On June 13, 2023, the SEC submitted a letter to the U.S. Court of Appeals for the Third Circuit in response to the court's order of June 6, 2023. In the letter, the SEC reiterated that there was no merit to Coinbase's request. The SEC further stated that its staff anticipate being able to make a recommendation regarding Coinbase's rulemaking petition within 120 days, and counsel for the SEC could provide the court with a status report by October 11, 2023. The SEC further noted that it has not decided what action to take on Coinbase's rulemaking petition, there is no basis for subjecting the SEC's discretionary rulemaking agenda to a specific timeline, and Coinbase's request for periodic reports is "unwarranted" as it "relies on inapposite authority that reflects circumstances in no way comparable to those presented by its mandamus petition."

On June 17, 2023, counsel for Coinbase submitted a response to the SEC's letter of June 13. In the letter, Coinbase pointed to the "smoking-gun evidence" that the SEC had filed enforcement action against Coinbase. Furthermore, Coinbase argued that the court should grant mandamus because the fact the SEC has decided not to grant Coinbase's rulemaking petition is "actively harming the industry," the SEC's refusal to state how much additional time it needs to act on Coinbase's petition "confirms that further delay is futile" and, at a minimum, the court should order the SEC to report on its action in more than 60 days and decide the mandamus petition promptly if the SEC has not acted at that time.

On June 20, 2023, Judge Krause issued an order in which it confirmed that the court would retain jurisdiction but would not rule "at this time" on Coinbase's petition for writ of mandamus and noted that the SEC "shall" update the court on its status on October 11, 2023.

The June 6 order can be found here, the SEC's June 13 letter can be found here, Coinbase's June 16 letter can be found here and the June 20 order can be found here.
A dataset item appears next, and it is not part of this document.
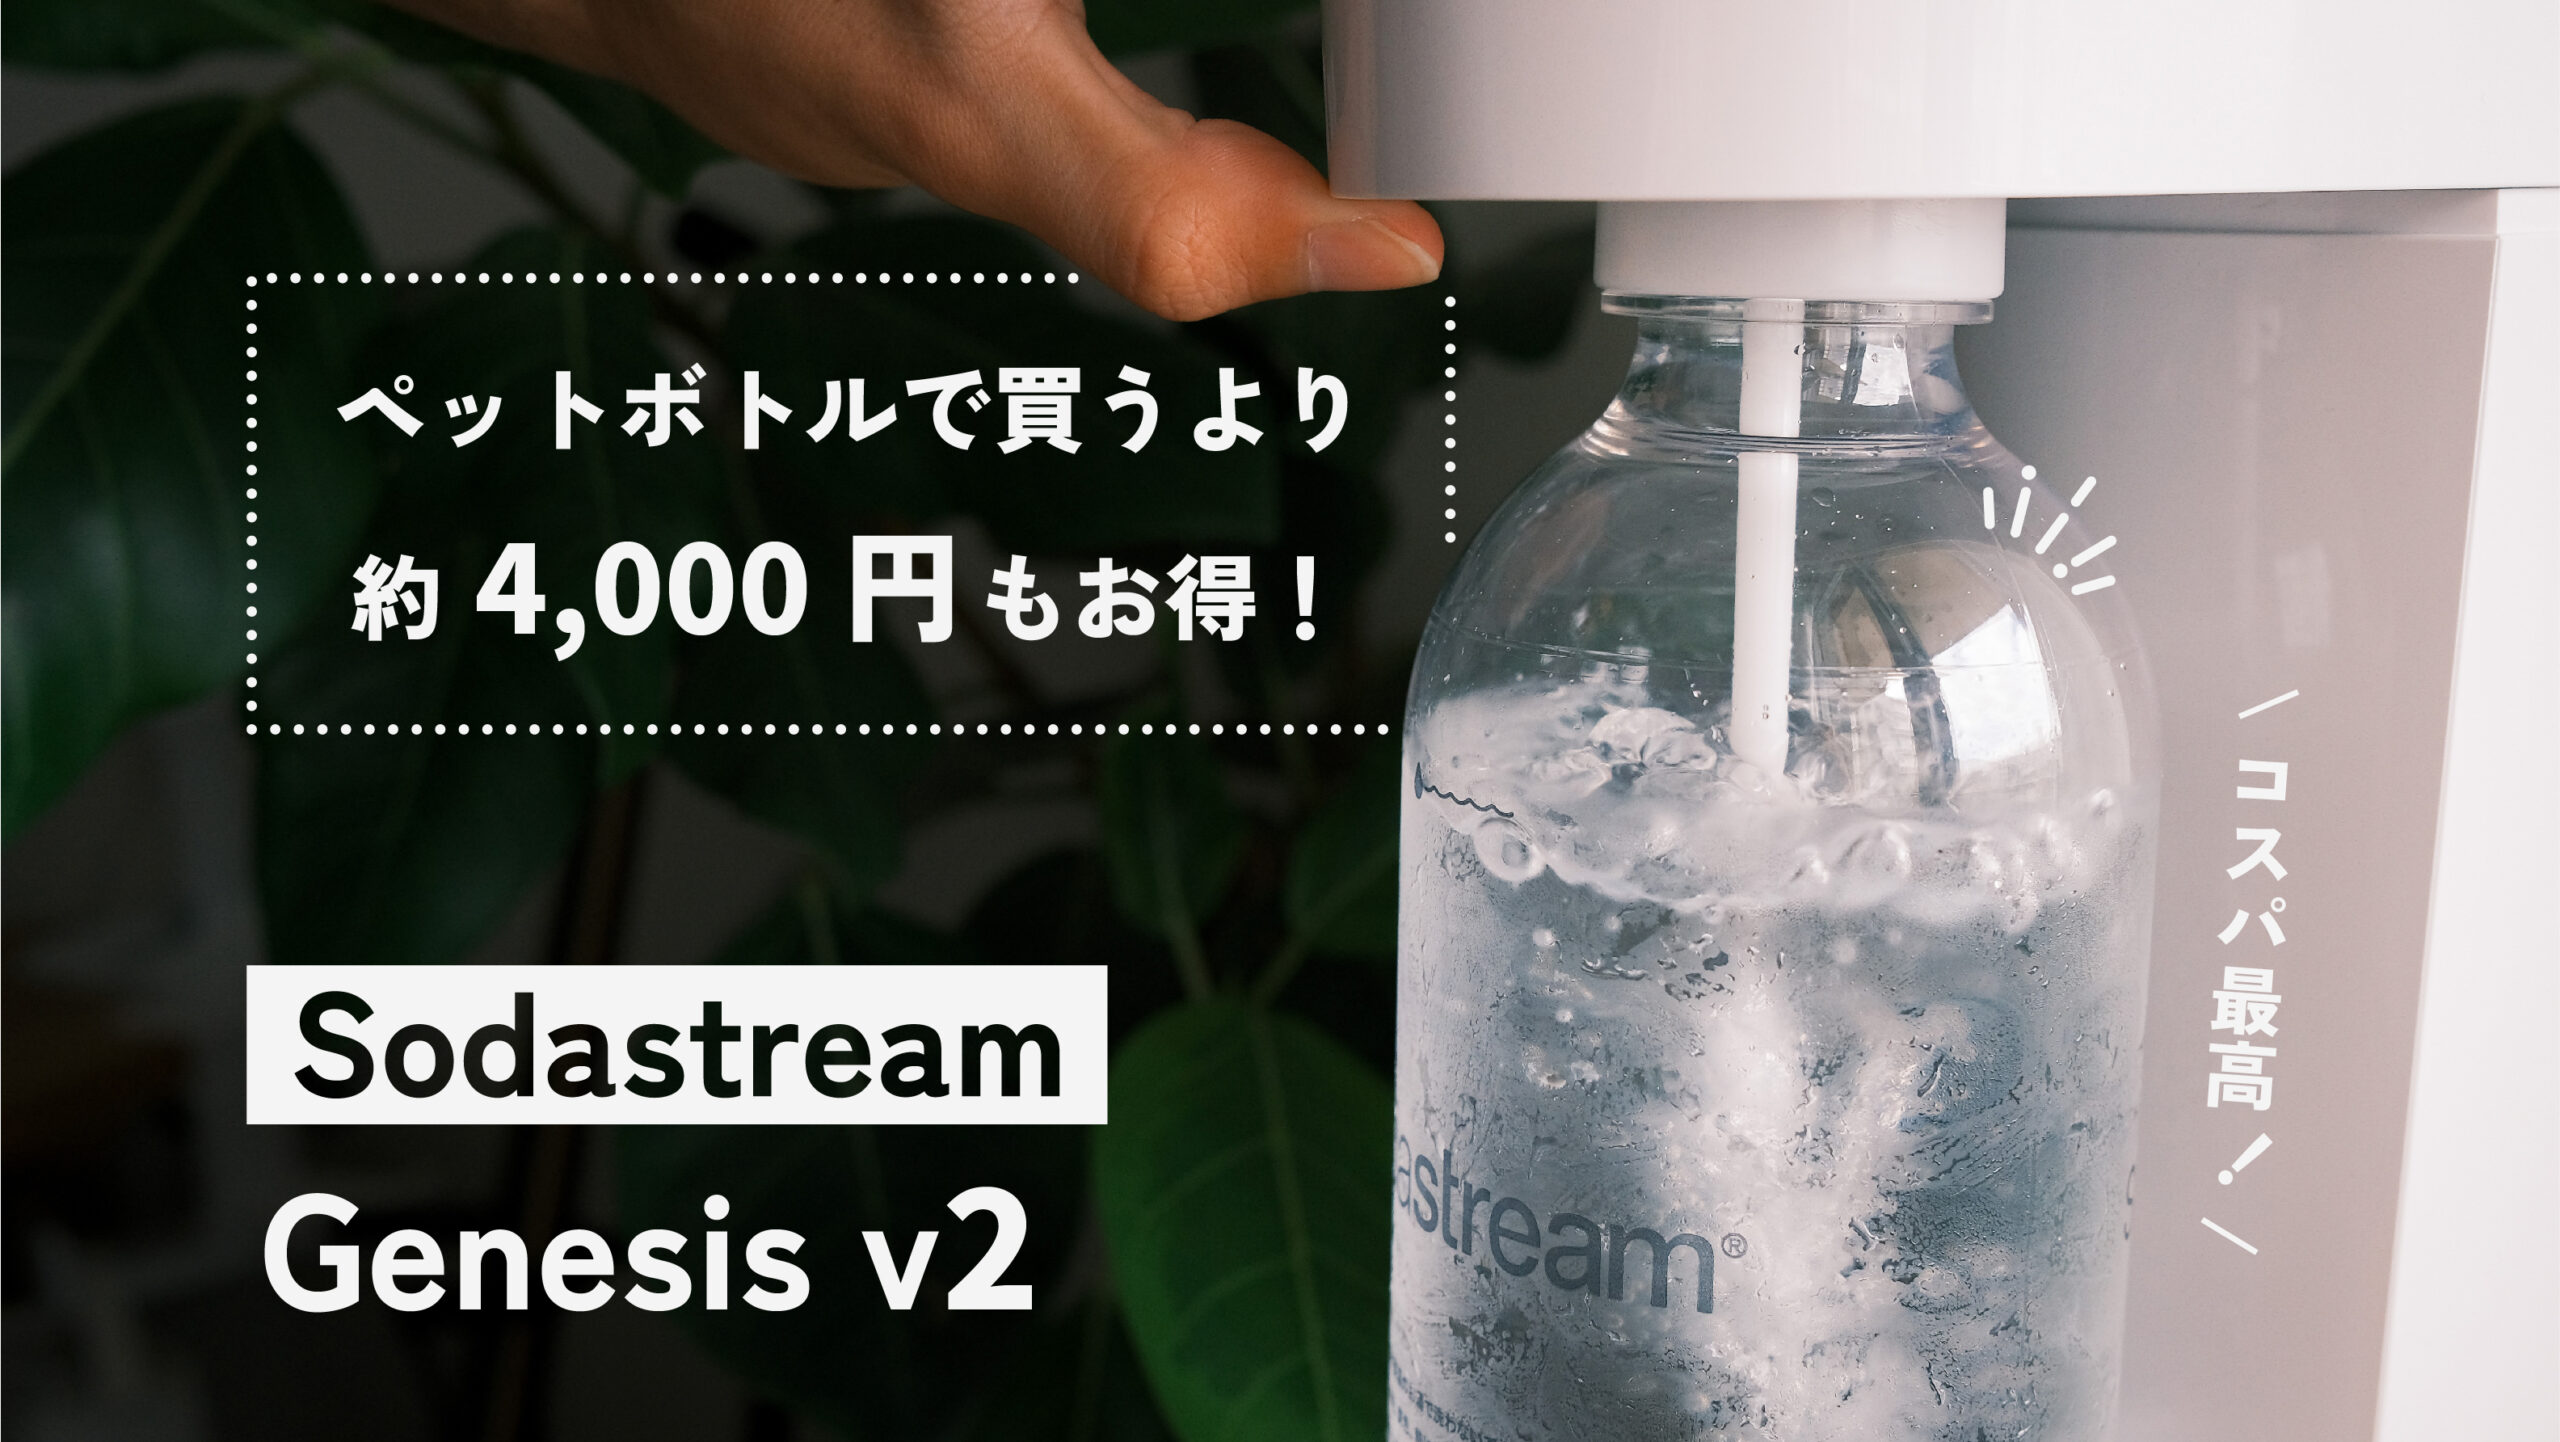 ソーダストリームの家庭用炭酸水メーカー『Genesis v2』のコスパが最高 | ayalog

Supreme Courts Rules in Favor of Coinbase in Class Action Matter

On June 23, 2023, the U.S. Supreme Court handed down its ruling in the matter of Coinbase, Inc. v Bielski following the filing of a putative class action by Abraham Bielski on behalf of Coinbase users alleging that Coinbase failed to replace funds fraudulently taken from the users' accounts. As Coinbase's User Agreement provided for dispute resolution through binding arbitration, Coinbase had filed a motion to compel arbitration, which the District Court denied, and subsequently filed an interlocutory appeal to the Ninth Circuit. In its ruling, the U.S. Supreme Court held that a district court must stay its proceedings while an interlocutory appeal on the question of arbitrability is ongoing. Justice Kavanaugh, delivering the opinion of the Court, noted that "[i]f the district court could move forward with pre-trial and trial proceedings while the appeal on arbitrability was ongoing, then many of the asserted benefits of arbitration (efficiency, less expense, less intrusive discovery, and the like) would be irretrievably lost".

The Supreme Court ruling can be found here.